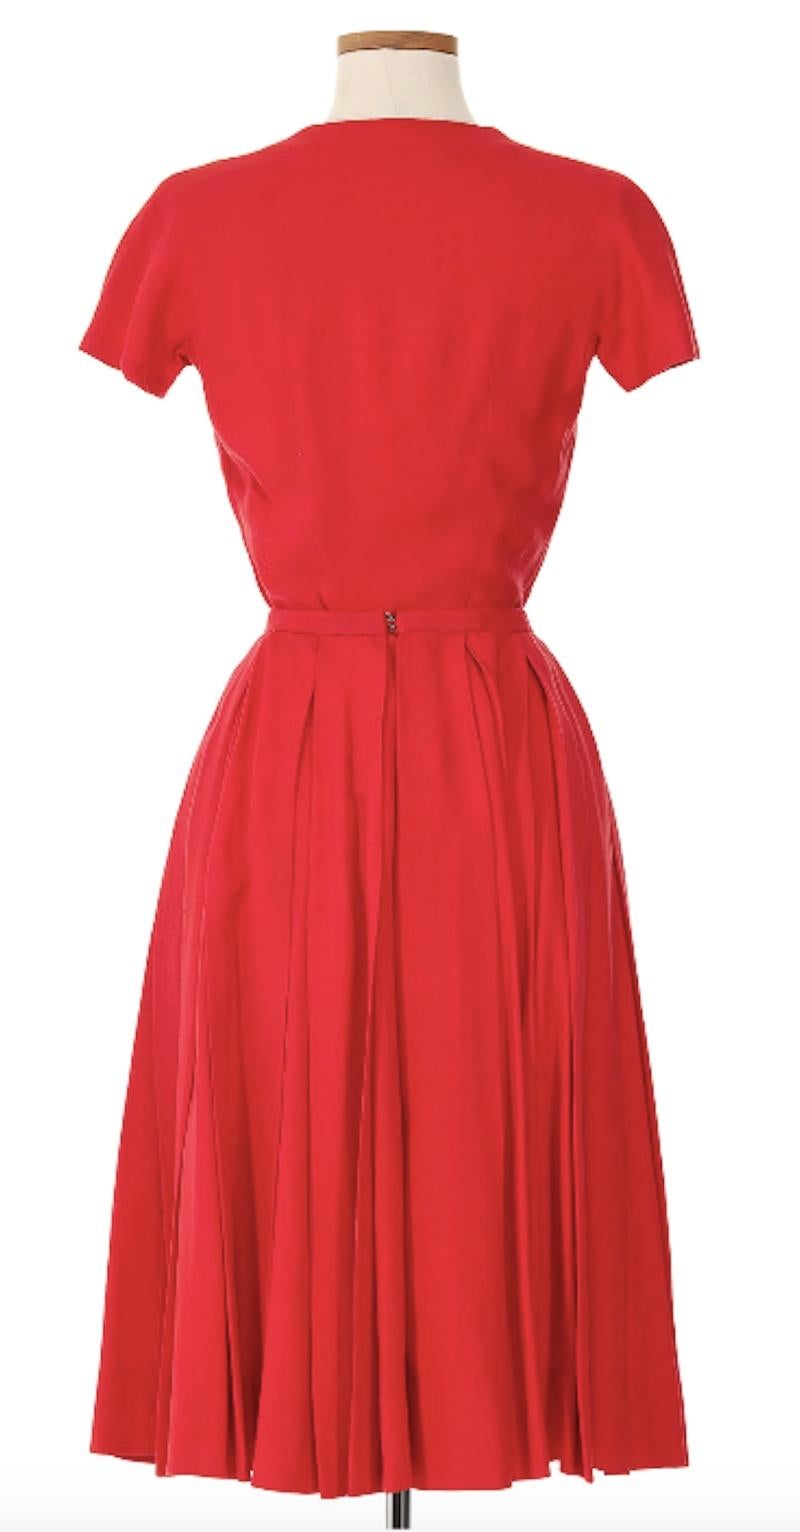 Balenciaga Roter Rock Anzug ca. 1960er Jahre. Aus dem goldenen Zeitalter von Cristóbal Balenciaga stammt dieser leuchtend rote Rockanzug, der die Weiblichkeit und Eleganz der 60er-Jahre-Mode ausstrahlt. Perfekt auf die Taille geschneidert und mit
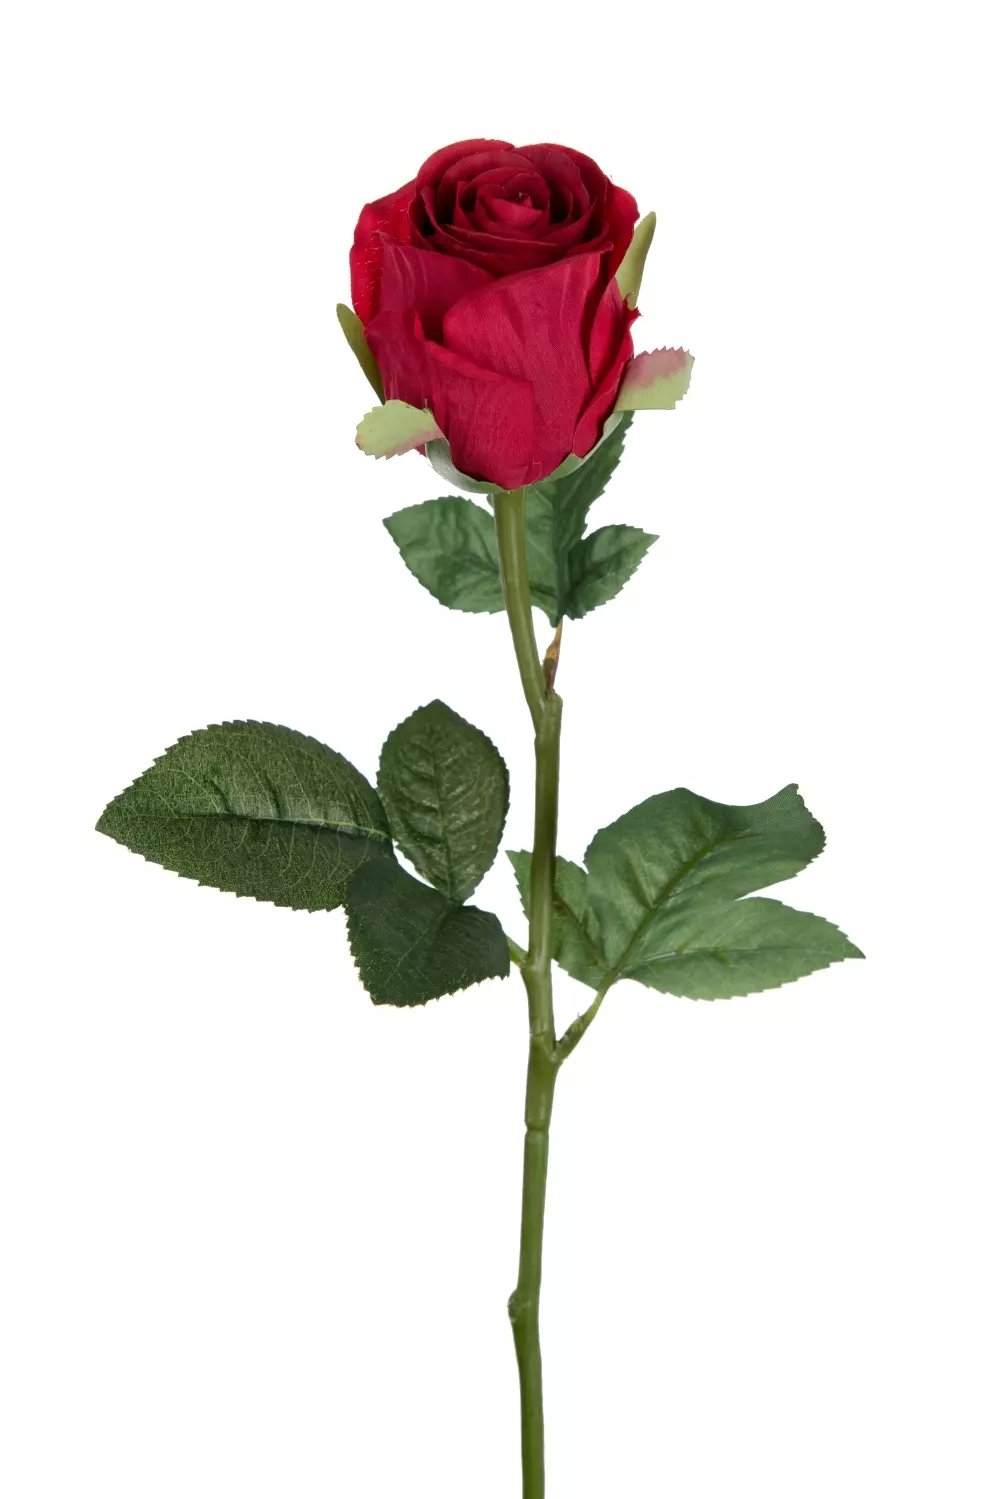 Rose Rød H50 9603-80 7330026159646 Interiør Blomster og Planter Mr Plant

....

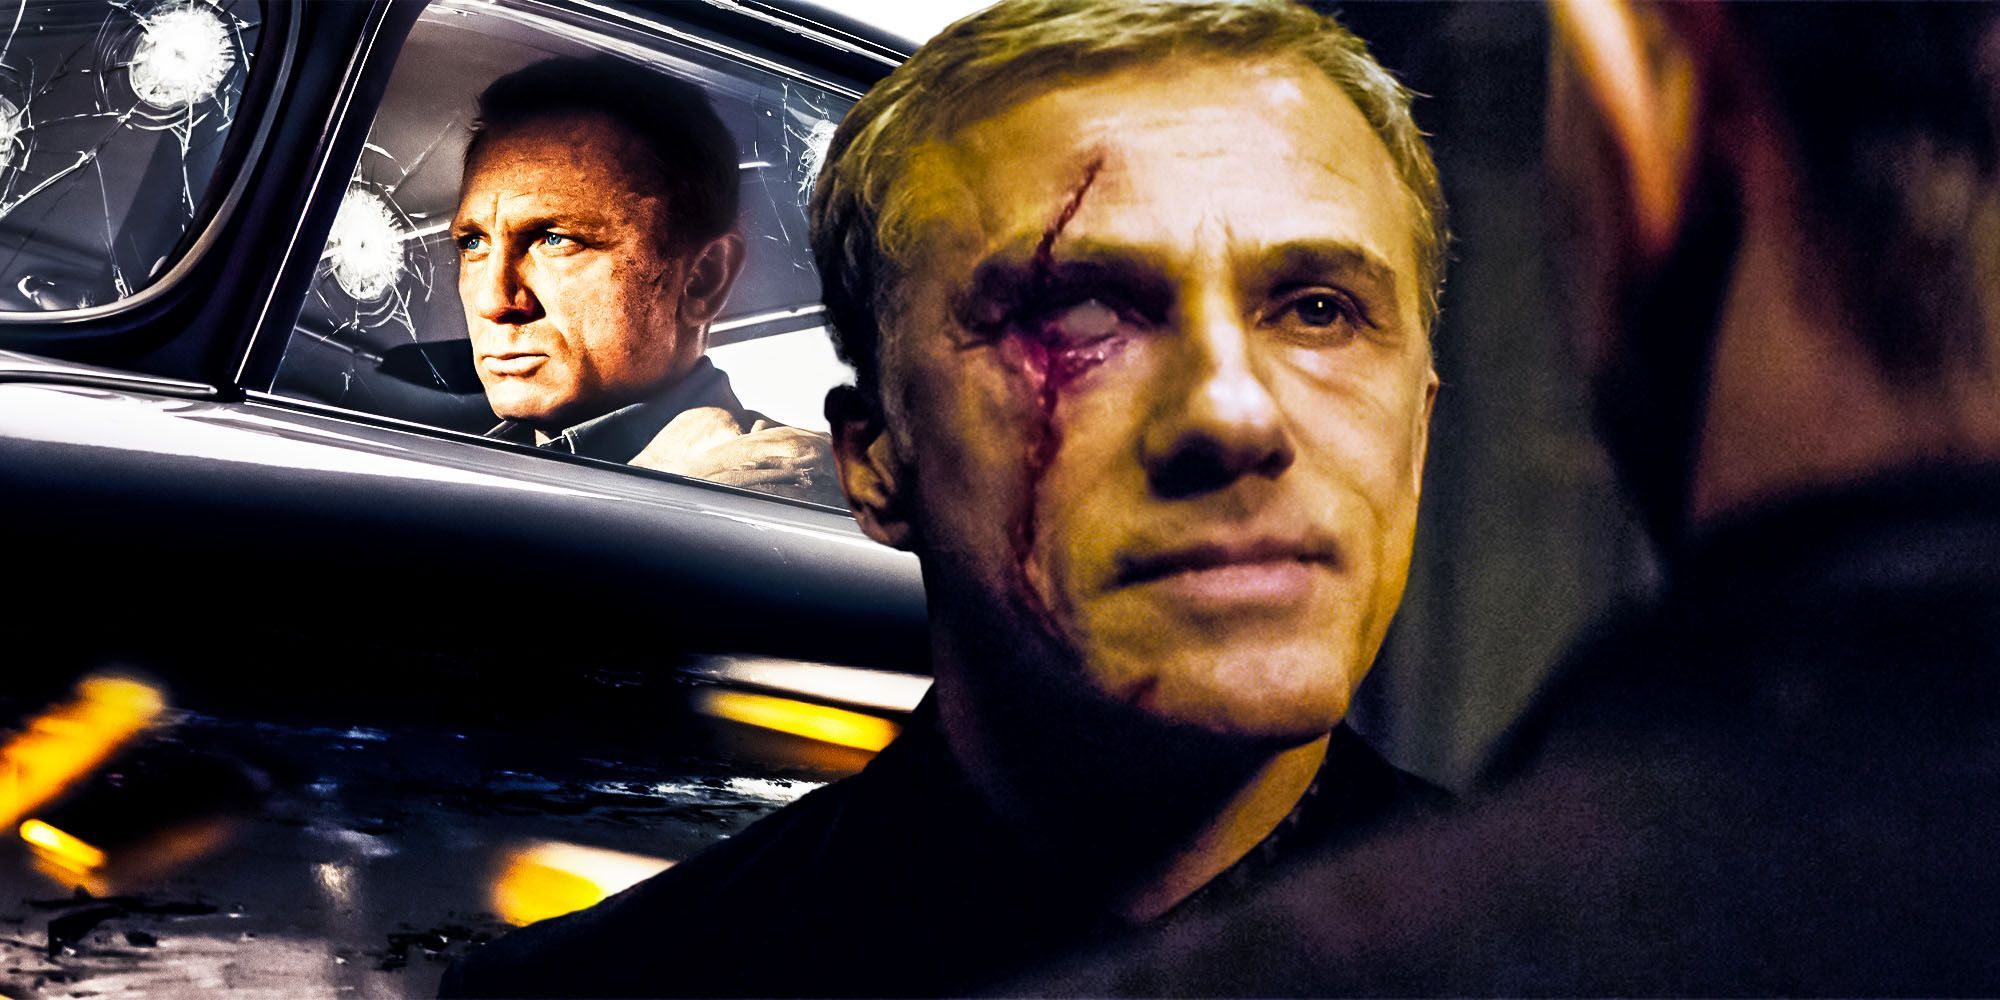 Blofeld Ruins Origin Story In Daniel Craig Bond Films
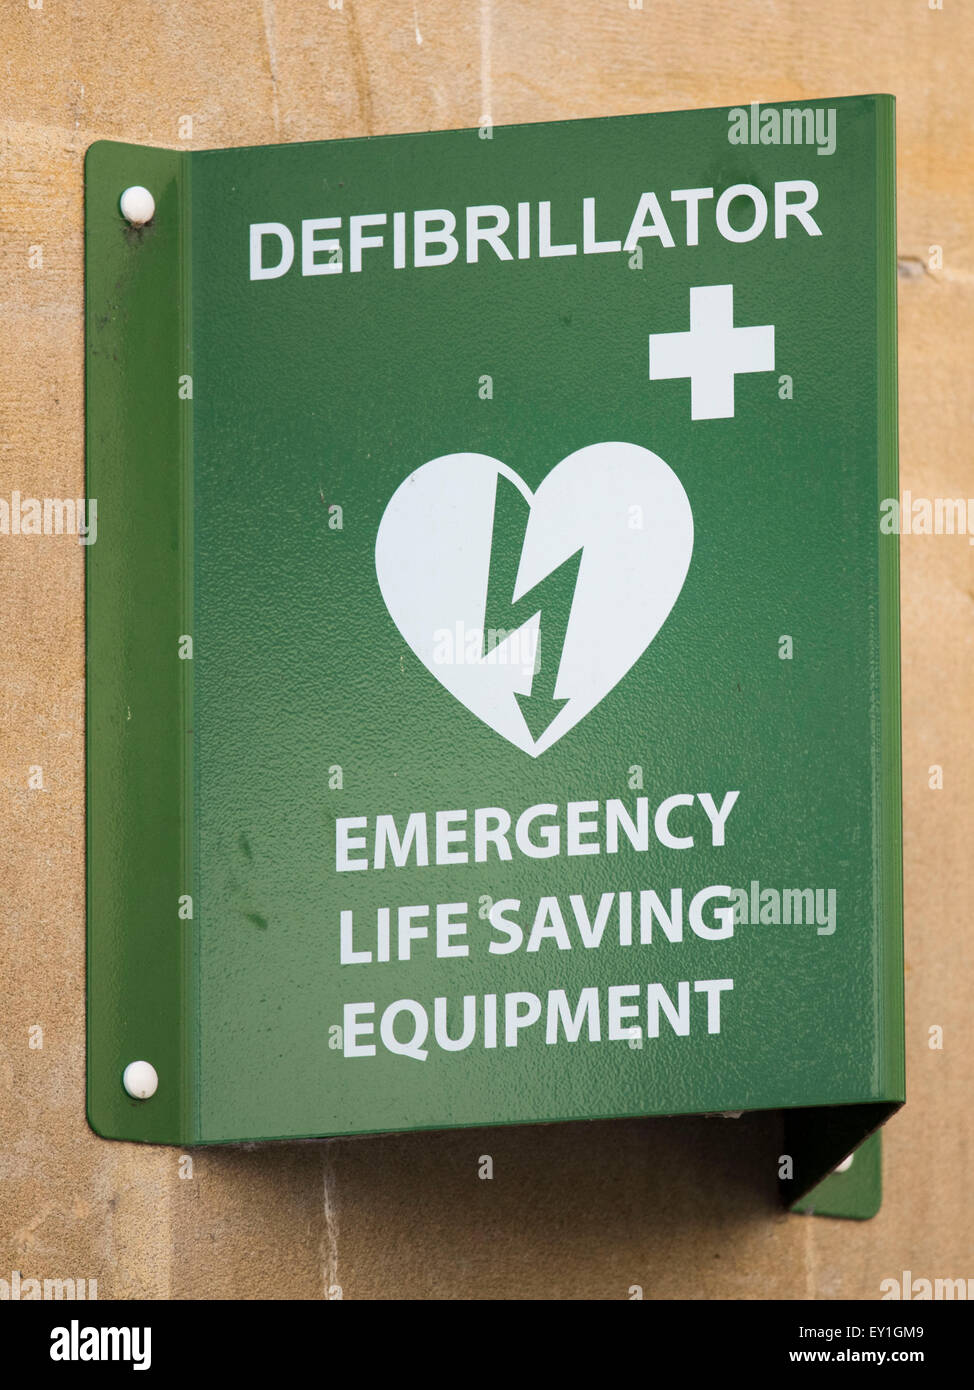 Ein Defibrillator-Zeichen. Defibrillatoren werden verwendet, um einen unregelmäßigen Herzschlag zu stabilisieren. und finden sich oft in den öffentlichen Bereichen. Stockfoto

....

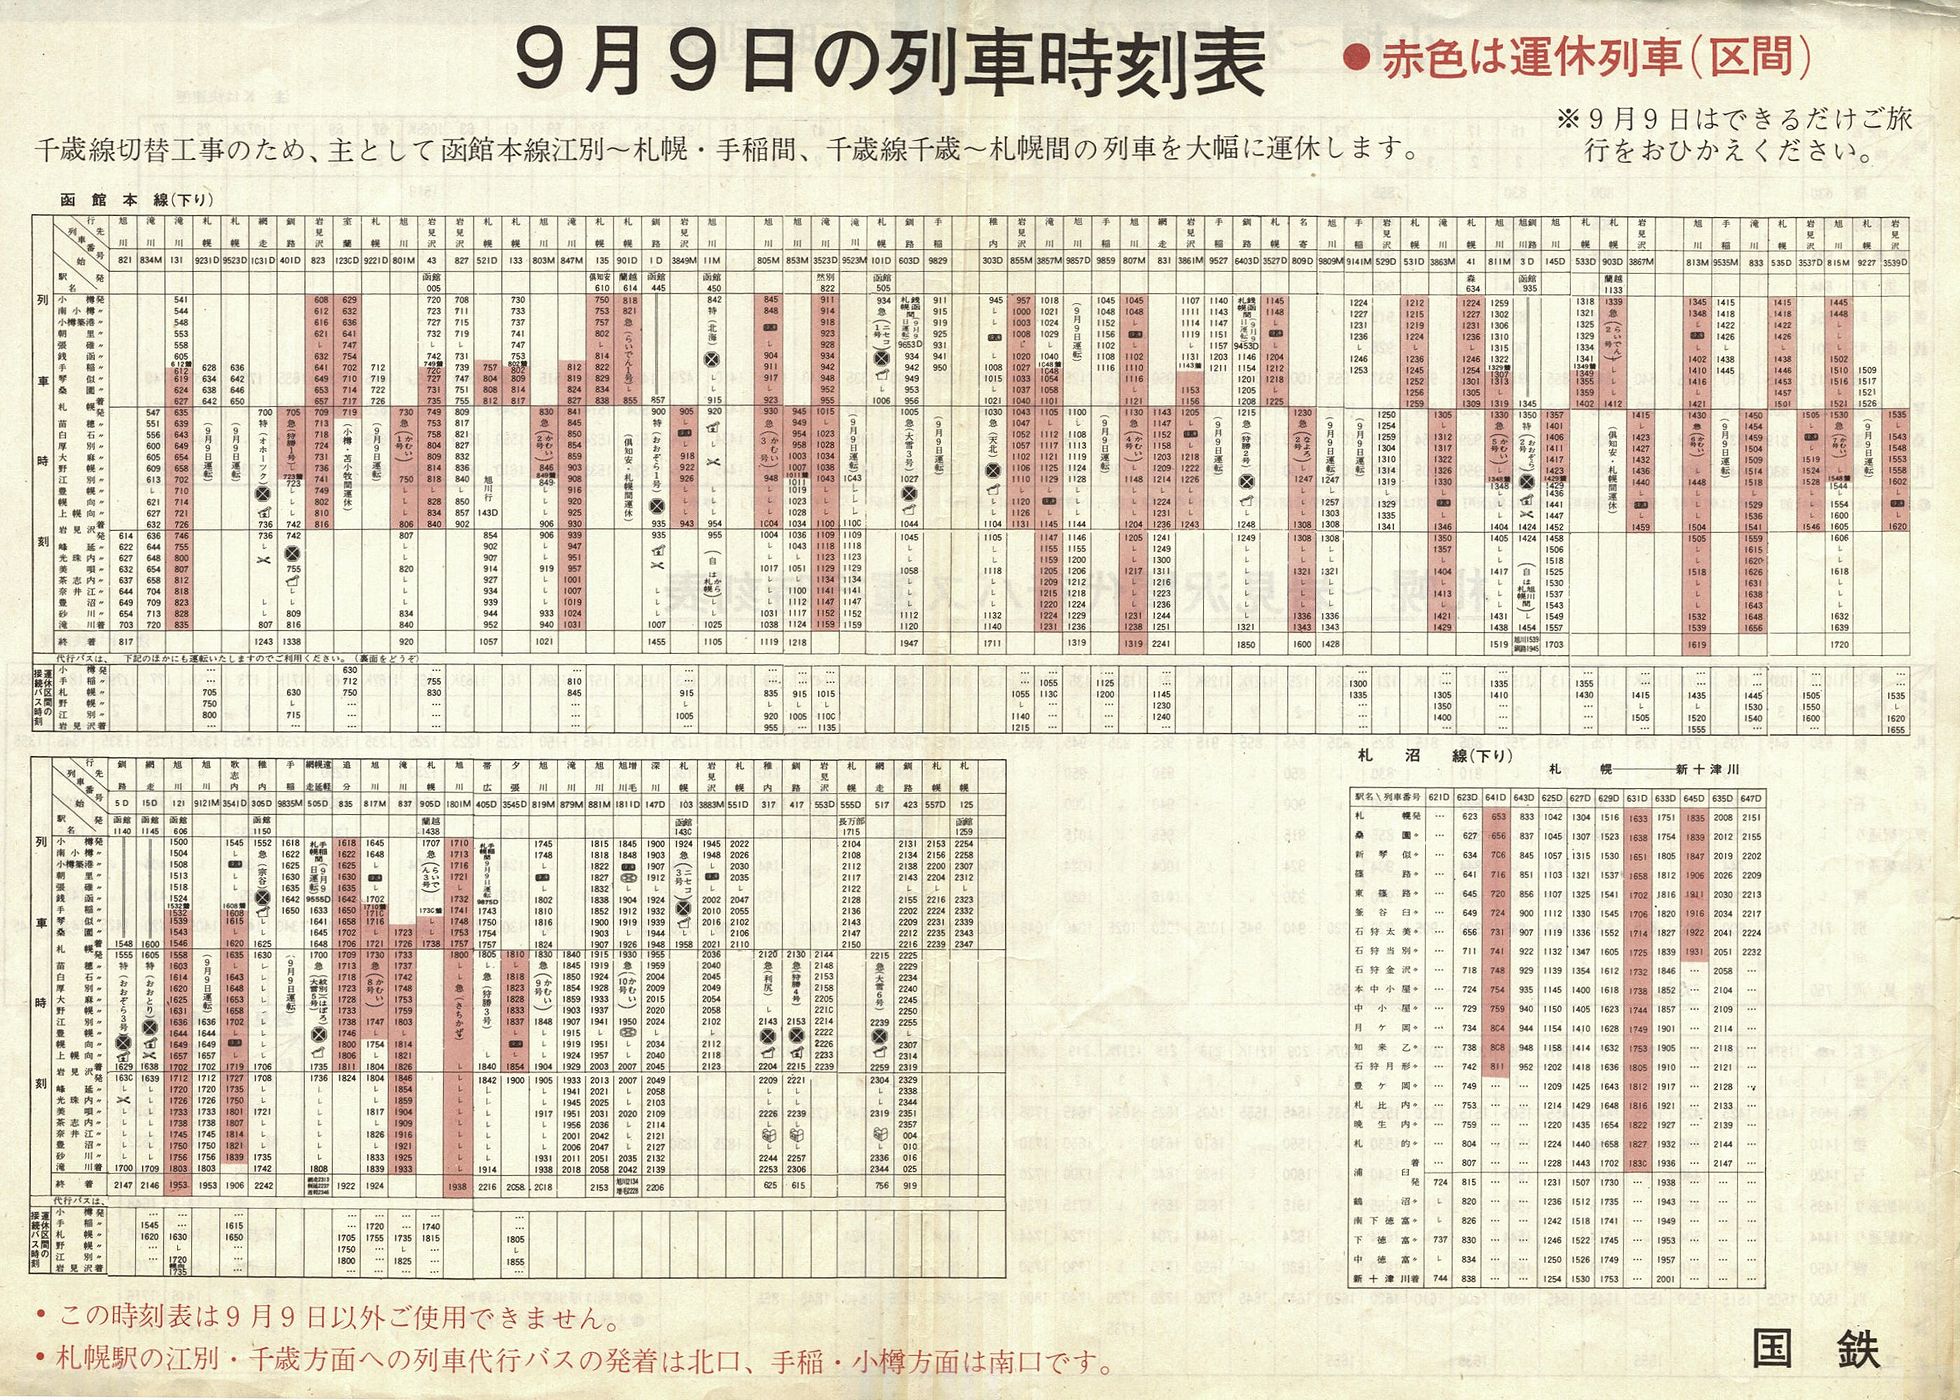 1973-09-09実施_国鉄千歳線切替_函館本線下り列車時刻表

....

◆ What you will do
Using the data above, output the line that has "Blofeld Ruins Origin", the line that has "Ein Defibrillator-Zeichen. Defibrillatoren", and whatever lines fall between, each exactly as it stands and without pictures.

◆ Exercise response
 Blofeld Ruins Origin Story In Daniel Craig Bond Films
 Ein Defibrillator-Zeichen. Defibrillatoren werden verwendet, um einen unregelmäßigen Herzschlag zu stabilisieren. und finden sich oft in den öffentlichen Bereichen. Stockfoto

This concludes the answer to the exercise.